The fact is, I should be able to combine the two sides of my brain. Because there's no reason to put off living or being happy with myself until I "do XYZ", whatever XYZ happens to be. But there are self-esteem/body-image/sexual-identity things all tied up in my size and my body that makes it tough.

*heavy sigh*

SO. I'm considering Weight Watchers. I have several friends who are doing really well on it, they have a lower-carb option now (at least they did when I was checking it out last year), I've done it before and it worked for keeping me healthy anyway (in both cases I was pregnant - I stayed healthy and actually lost weight through the pregnancies - meaning I *didn't* gain weight even though the baby was, and trust me, those were BIG babies - but after baby was born I stopped going and stopped taking care of myself, and of course gained it all back and then some). I'd considered doing just the online option last year...but I'm thinking maybe if I go to actual meetings it would be more motivating. So, I'm considering. I found the closest meeting spot, and they have morning meetings on Tuesdays and Thursdays. My loves are willing to eat healthy meals with me (they were AWESOME sports about trying new stuff when I was on plan before, and I definitely find if I can experiment with new recipes I'm more motivated to stay "on plan").

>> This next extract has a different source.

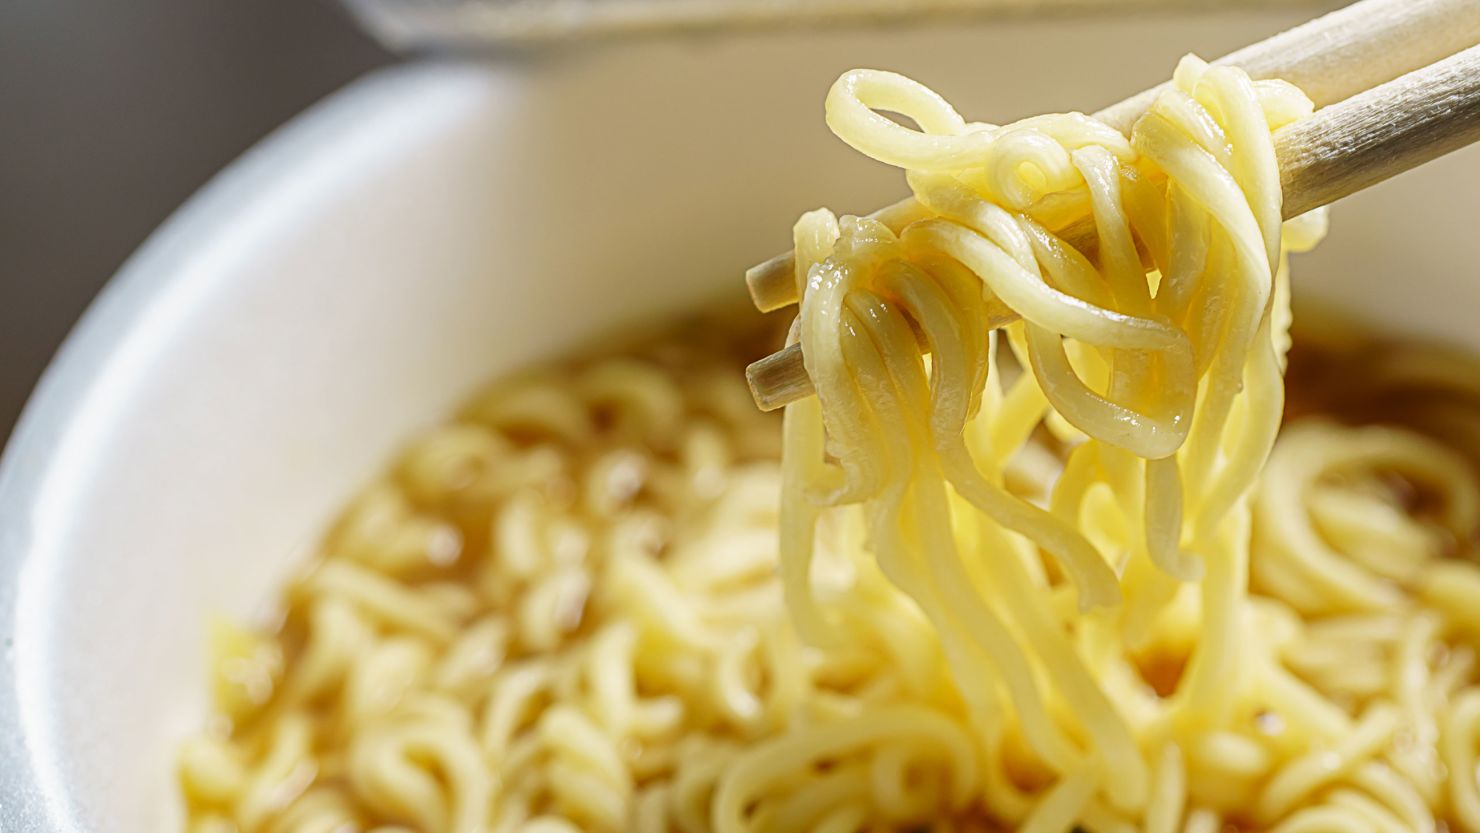 A new study has found almost a third of pediatric burn patients admitted to the University of Chicago's Burn Center over 10 years were burned while preparing instant noodles.
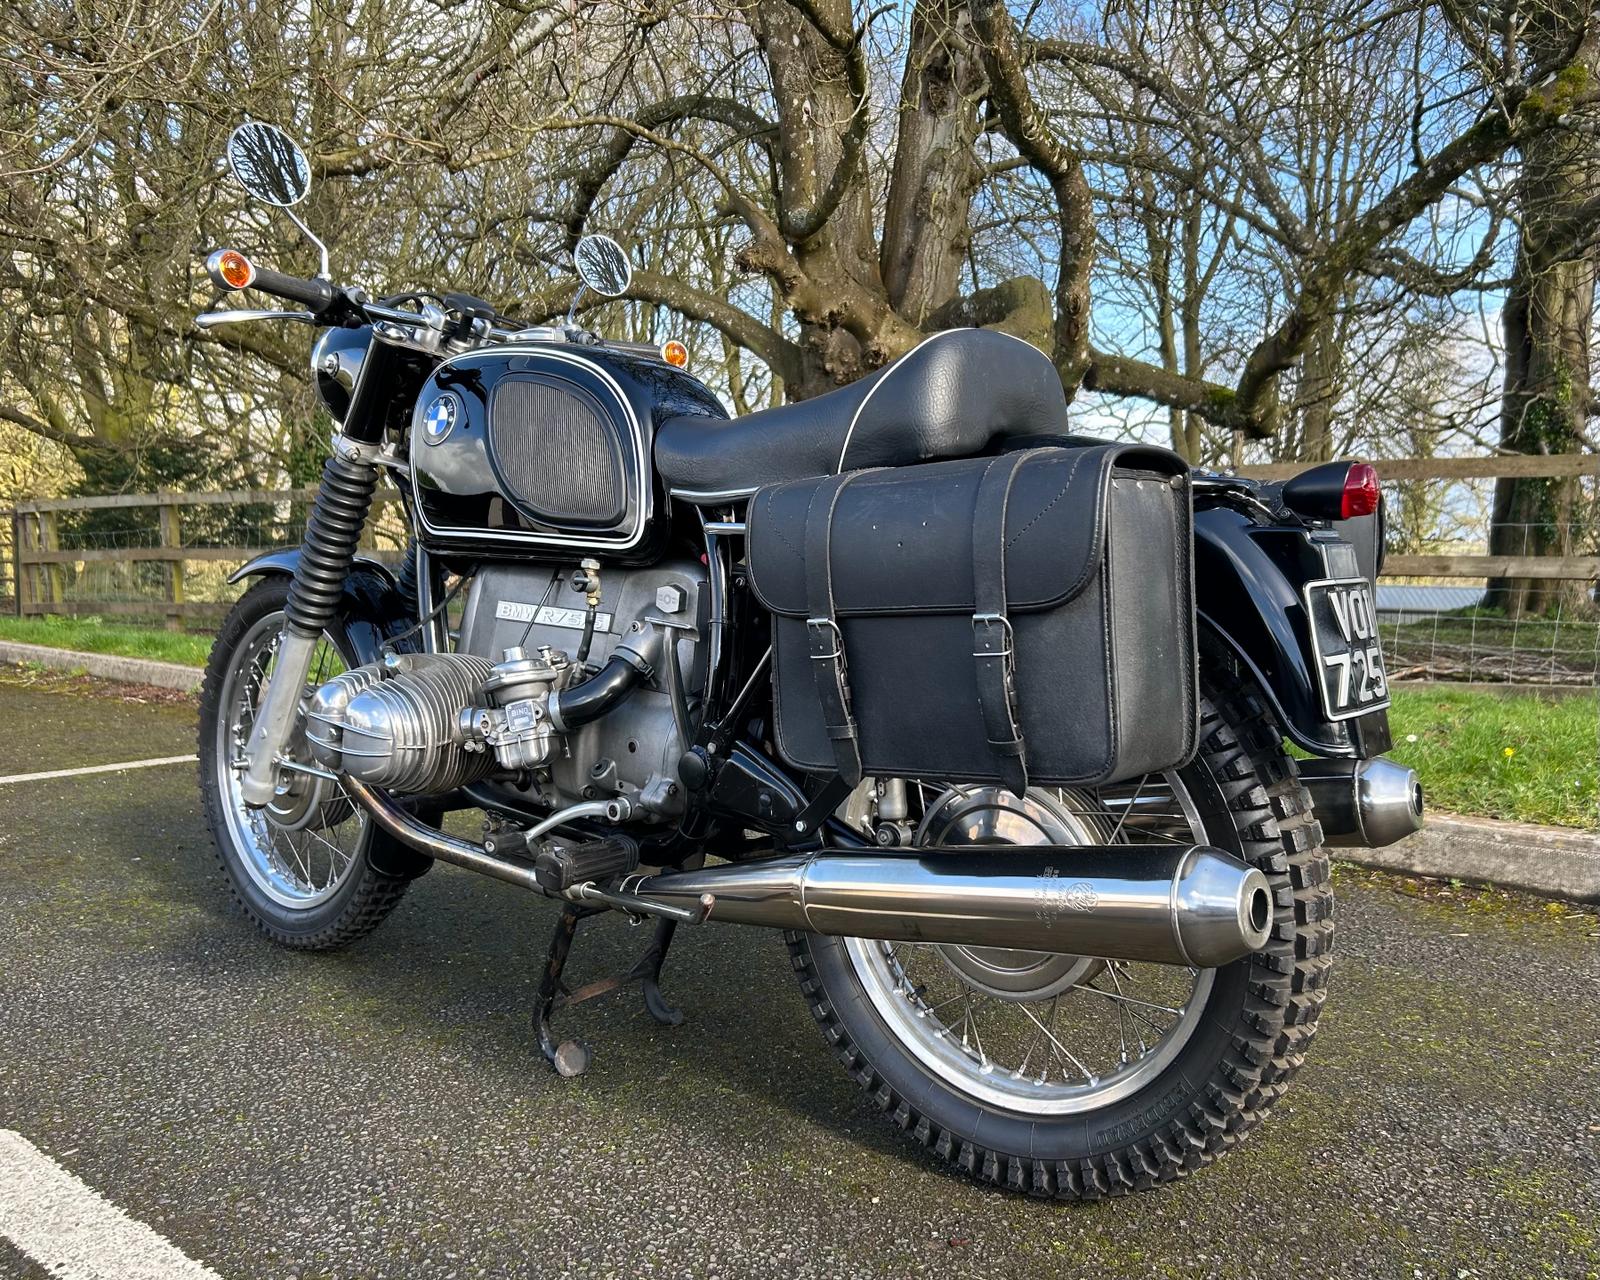 A BMW R75/5 MOTORCYCLE .1971. 72452 MILES. EXCELLENT WELL RESTORED CONDITION, V5, MOT AND TAX - Image 10 of 17

The bigger issue - honestly - is that if I'm going to do this, I need to do it all the way. Make a REAL lifestyle change. Get off the couch (okay...get off the computer chair), and make exercise a part of my daily life. Which I don't know if I can do without some kind of goal like a marathon...but I don't know that I want to commit to something that huge right now. When I was training for Disney, I got to the point where walking was JOY, going to the gym was fun (and meditative), and I felt *fit*(even if I wasn't "thin")...and that's what I want. To feel *fit* again. So I need to make some decisions and make a committment if I'm going to do this. And figure out what I can do that will actually fit with my schedule and lifestyle as it is (because there are things I'm not willing to change...like getting enough time with my loves and my kids).

Pondering is.
Wisdom/advice/thoughts/ideas/feedback actively encouraged (cross-posting to my LJ to make it easier for folks to comment).